Fork me on GitHub

@lucasbradstreet is there way from outside the peer to detect if one of the peer hangs ? (we previously talk about the hang, with the datomic write-bulk-datoms-async as the output). My initially thought is to periodical to check if the log has changes using onyx.http-query, based on the assumption that the log dos not change when the peer hangs, but this approse only works when using a single peer - when running in a multi peer cluster its need to detect if a specific peers has updated the log. Do you have any hints on how to accomplish this ?


@zamaterian I don’t have anything good for you ready to go, but maybe we can work through creating something that we can expose via metrics and possibly onyx.http-query


@zamaterian by the way, did you ever find out the cause of the write-bulk-datoms-async hang? I did create a patch to timeout on deref, but never shipped it.


@lucasbradstreet never figuring it out 🙂 exposing the some of the metrics via onyx.http-query sound like the way to go.


I still think it's likely that you hit memory pressure and datomic failed in weird ways that stopped it from dereffing. I might add that fix anyway.


Just spent the night with a corrupt datomic database 😉


So, for the metric, maybe we can track whenever a task tries to read a batch. That would give a good indication of whether it is stuck anywhere.


Or maybe an indicator of amount of outstanding checkpointed segments in zookeeper (since the sql checkpoints all segments on startup)


The problem there is if you have three output peers and one is stuck, the checkpoint might still update. You would probably see retries though


So for a single peer its when a task read a batch, for the entire cluster it could be outstanding checkpointed segments.
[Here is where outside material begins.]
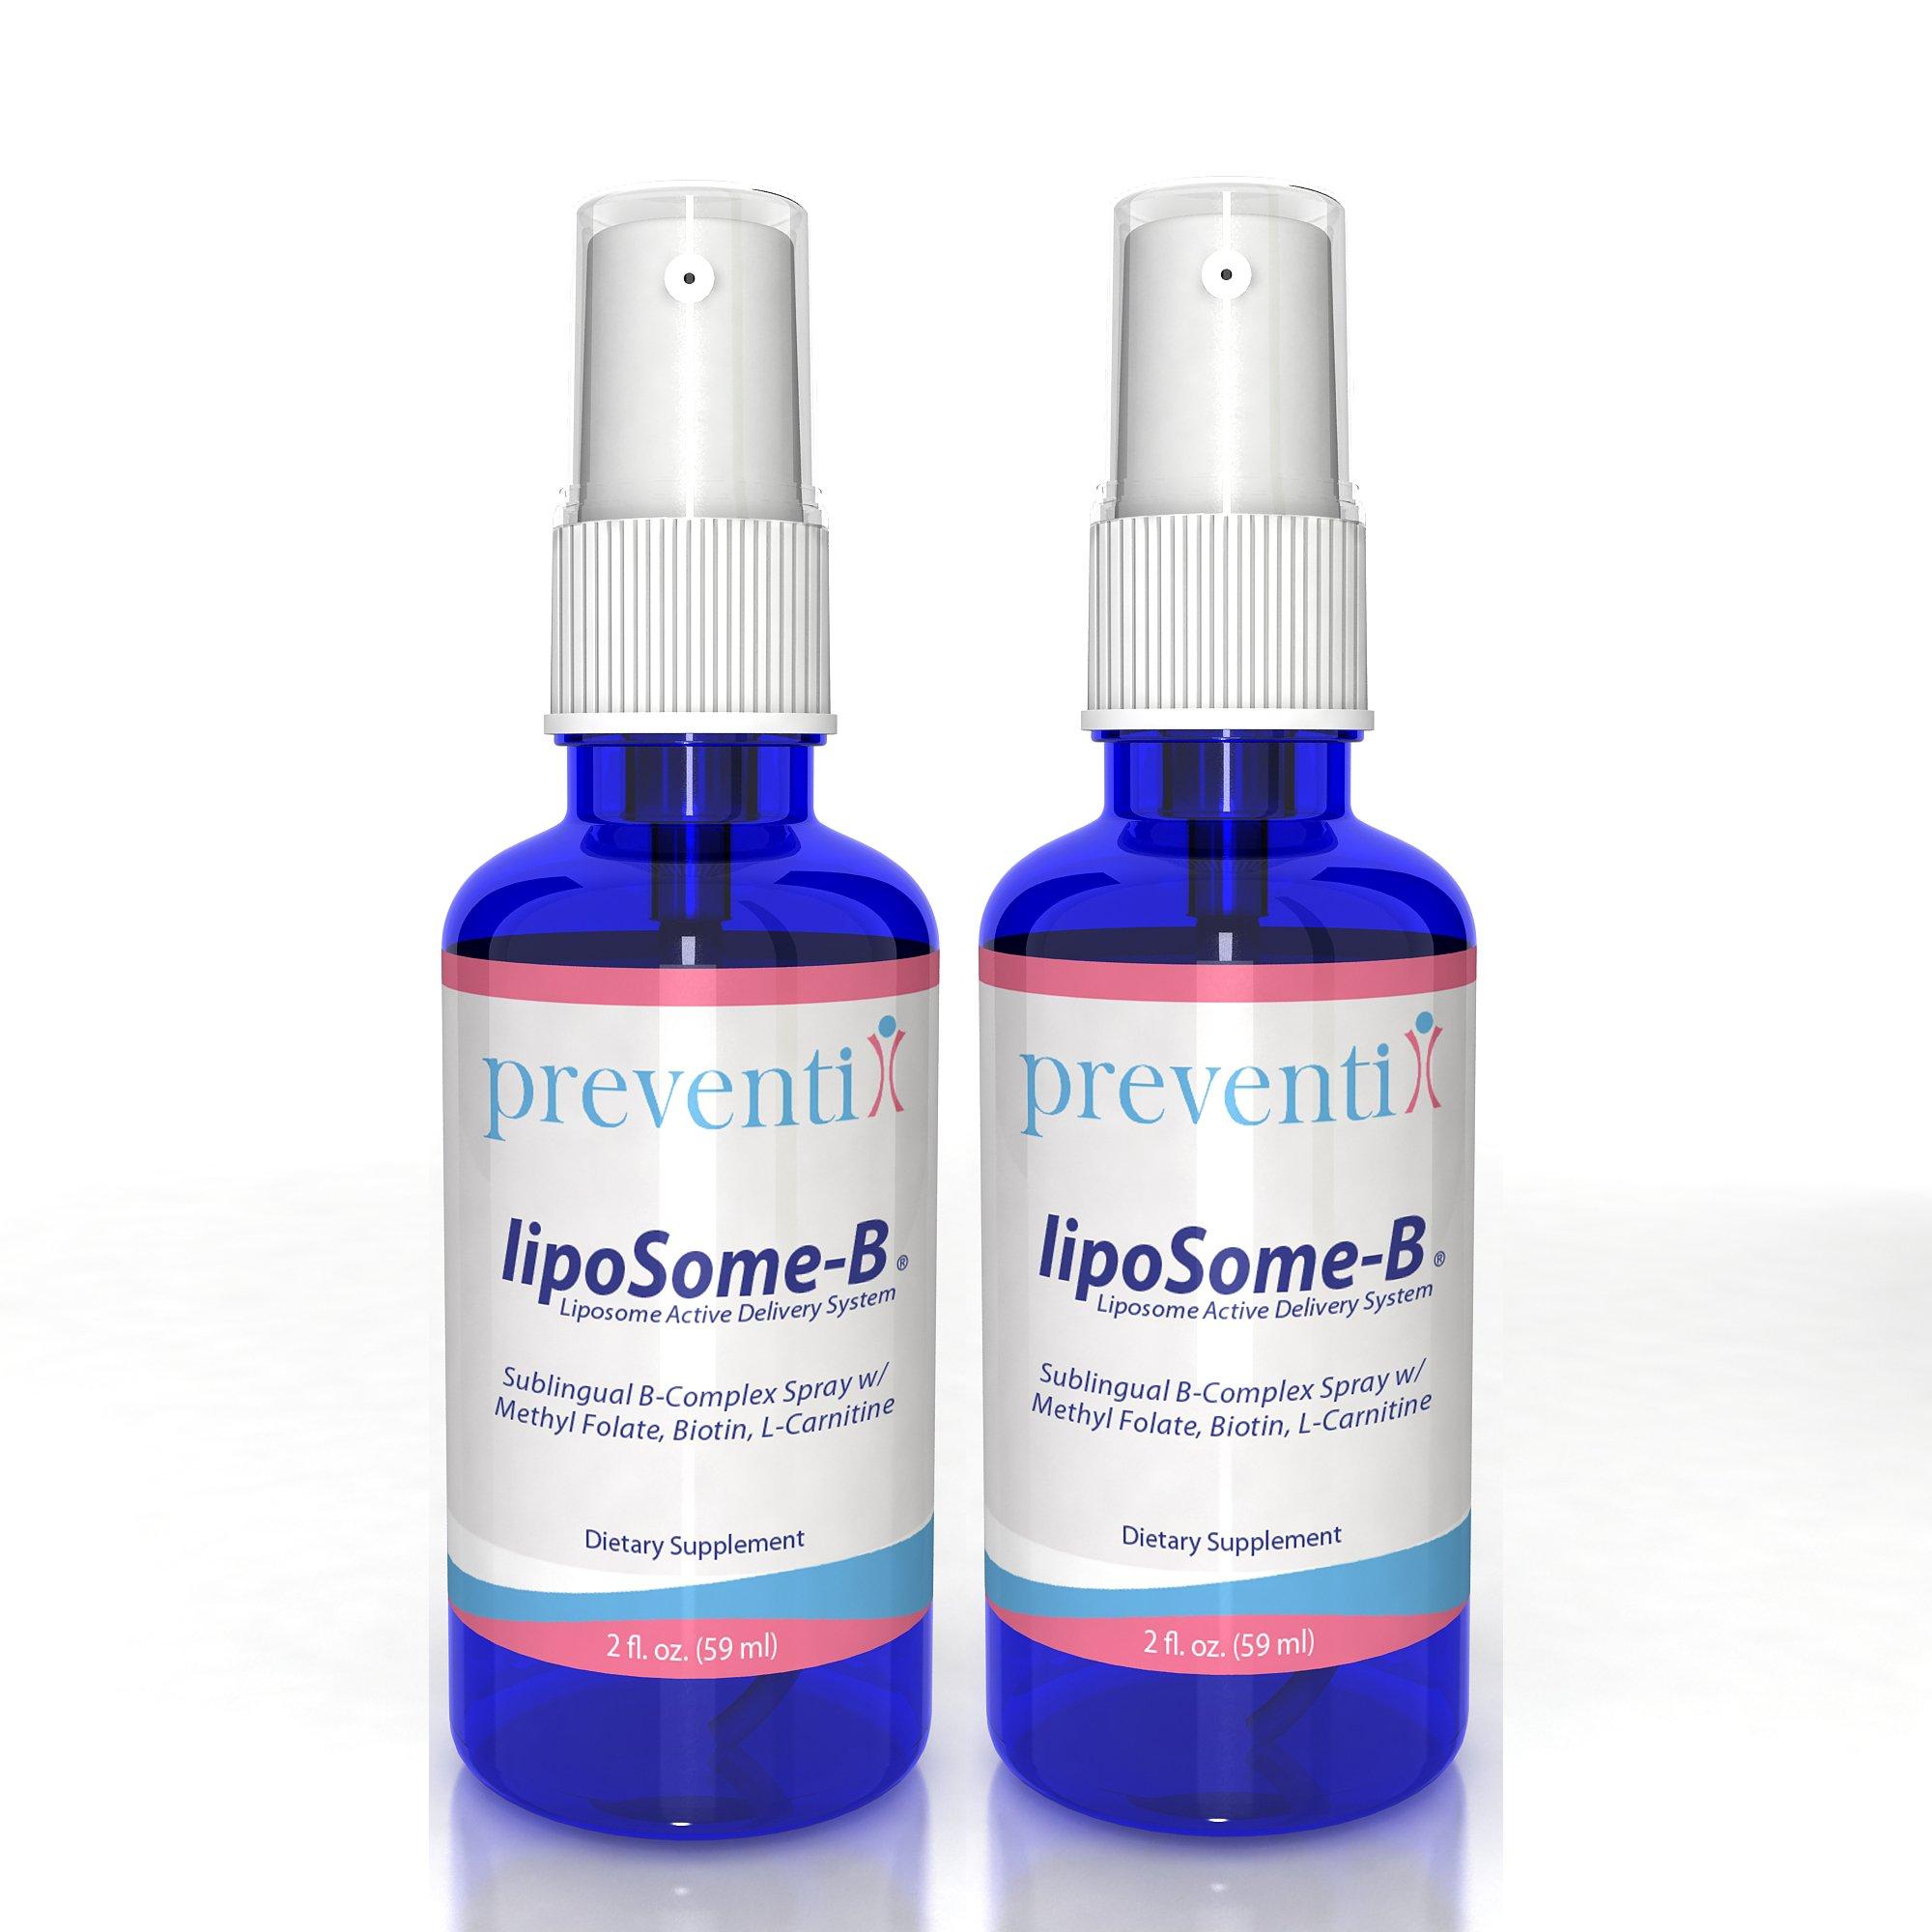 LipoSome B12 Complex Spray_2 Pack Bundle: A Superior Liposomal B12 Complex Spray w/Methyl Folate, Biotin, L-Carnitine. Advanced liposome formulation significantly increases absorption/bioavailability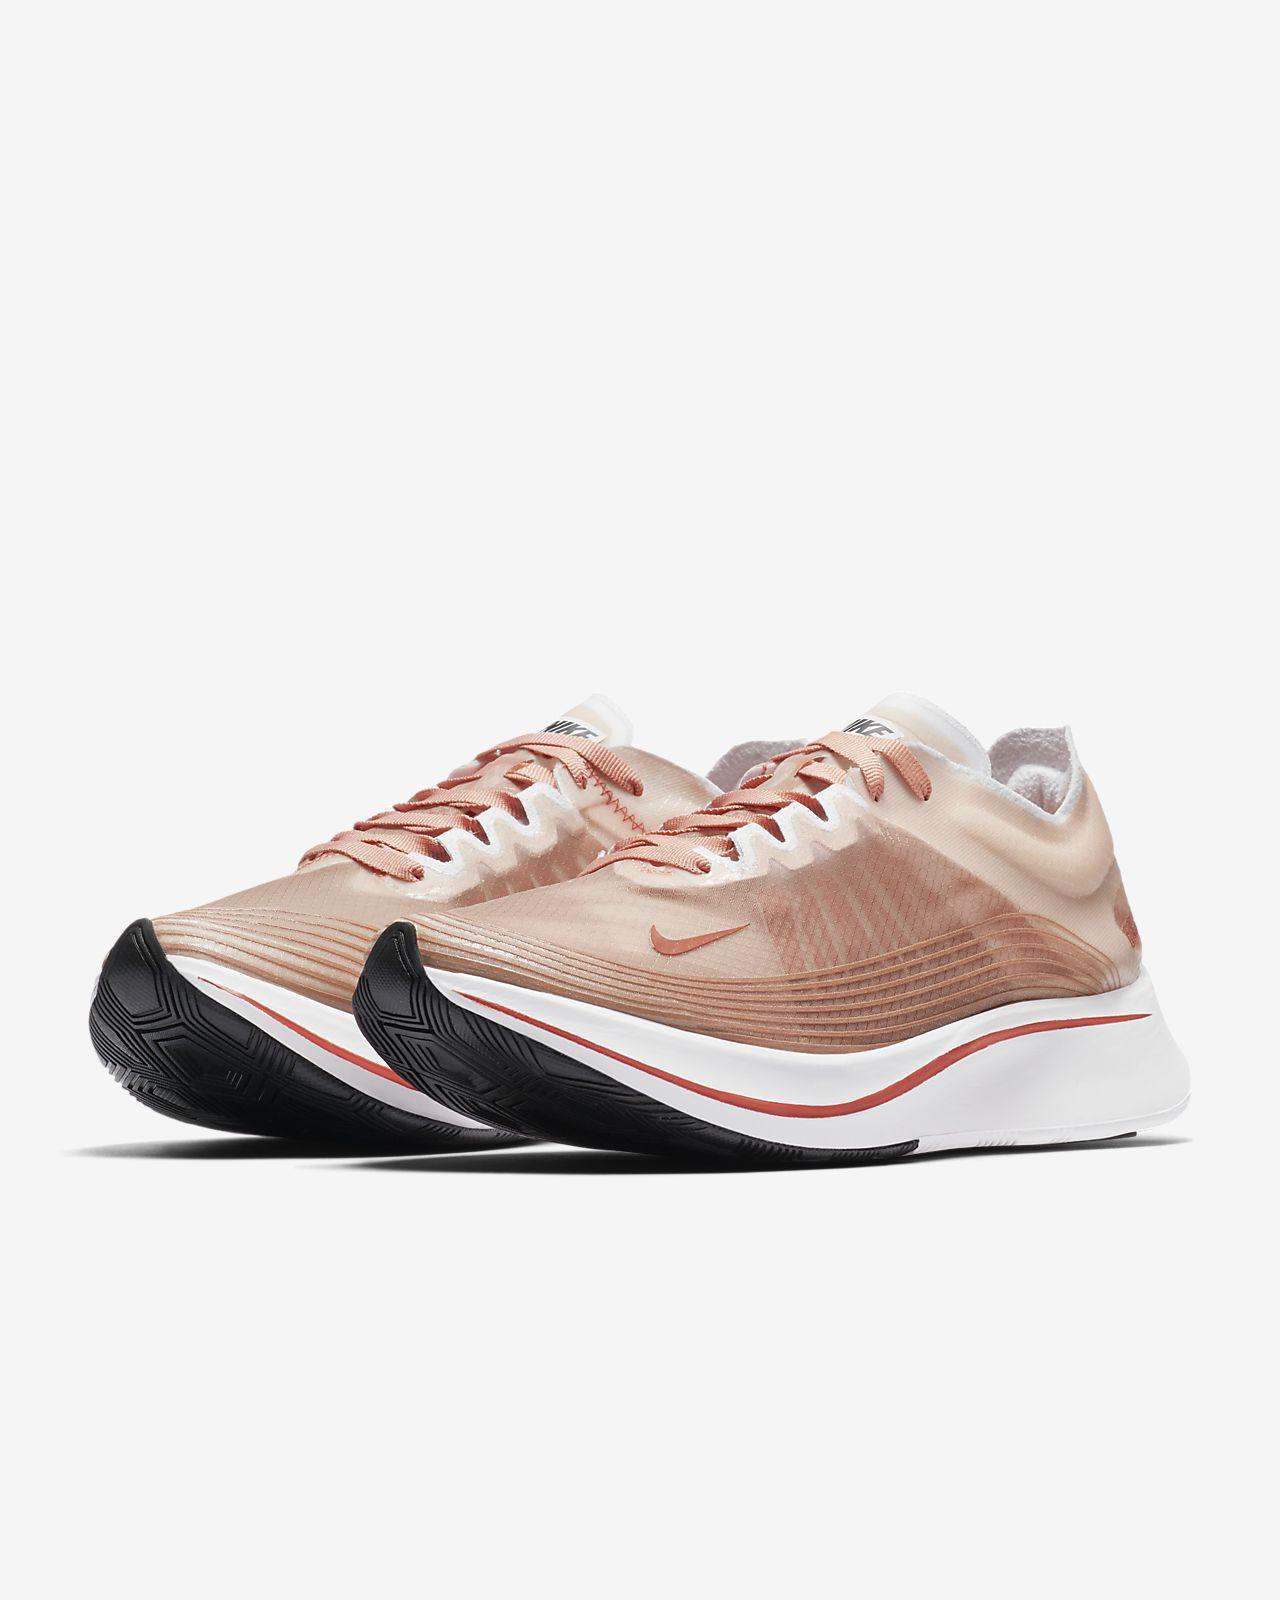 a2094a0a05b4d Nike Zoom Fly SP Women s Running Shoe. Nike.com SG

Ah, I see what you mean. Why not just look at how many messages are getting acked then?


That’s kind of the same thing, since it’ll cause segments to go from outstanding to not outstanding


How do we do the same in a ’streaming context’ since we dont know when we will receive new segements (eg from kafka), probably need to look at if any segments is in-flight ?


You can possible use a combination of throughput on the input task, and pending count on the input task


That way you know things are moving and you also know how many messages are in flight


@lucasbradstreet thx for your input 🙂

Drew Verlee14:10:47

when testing an aggregation locally i assume its typically to use an atom as shown in learning onyx?


That’s usually the easiest


if this is useful to others, here's a simple function to view a workflow via

(defn workflow-to-adj-map
  "Convert an Onyx workflow
   to a adjacency matrix as a map.
    e.g. [[:a :b] [:a :c] [:b :d] [:c :d]]
      => {:a [:b :c] :b [:d]  :c [:d]})
  (reduce (fn [m [k & vs]]
            (assoc m k (conj (m k []) (first vs) ))
                        ) {} workflow))
;; #ds/graph (workflow-to-adj-map workflow)


someone's gonna want it eventually 😉